Because he teaches facts, and more facts translate to fewer profits for Vani. 

So instead of meeting him head-on about the science in a visible and public space, she uses a public records request to sneak a peek through his private correspondence in the hopes of… not sure what.

In fact, I deliberated whether I should even write this. But it is not about me, not about Vani Hari—it is about abuse of a system to harm others that don’t share your malformed opinion. It brilliantly illuminates the trendy abuse of the FOIA system. Here, out of curiosity, out of vanity, Vani Hari ignites an expensive, invasive system designed to resolve criminal investigations--- to see if someone said something unbecoming about her. 

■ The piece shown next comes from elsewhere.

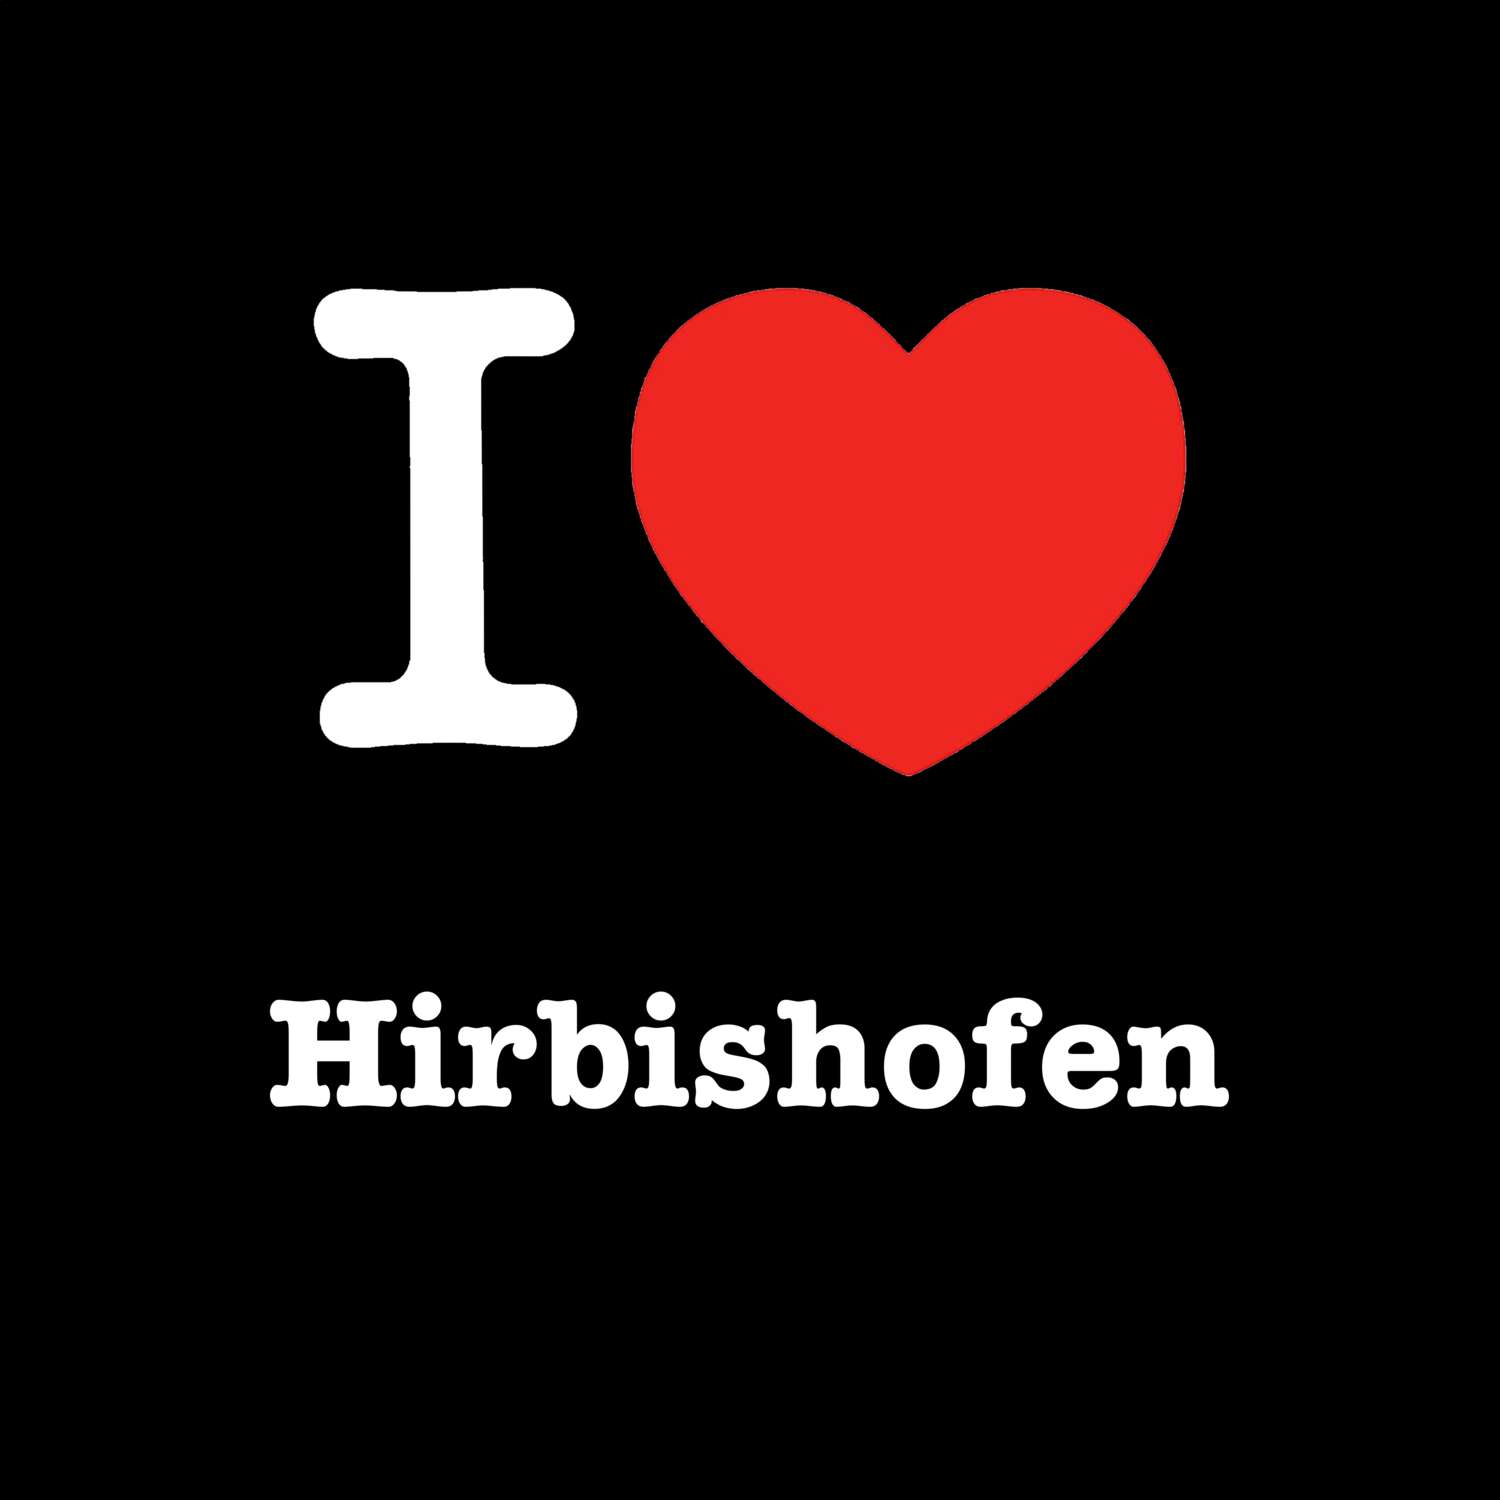 Hirbishofen T-Shirt »I love«

I could have told her that stuff for free. Sorry Florida taxpayers! 

It is a mockery of this important transparency system. Most of all, this exemplifies why these rules need immediate revision. Here a doomed food personality with no training and no scientific credibility bandwagons on to a popular trend of abusing rules to damage professorial reputations of reasonable scientific critics. When you can’t raise your own argument, find some sleazy loophole to tear down the credibility of others. 

We have entered the era of vanity harassment and fact-twisted internet assassinations. 

And who better to accelerate that trend than Vani Hari?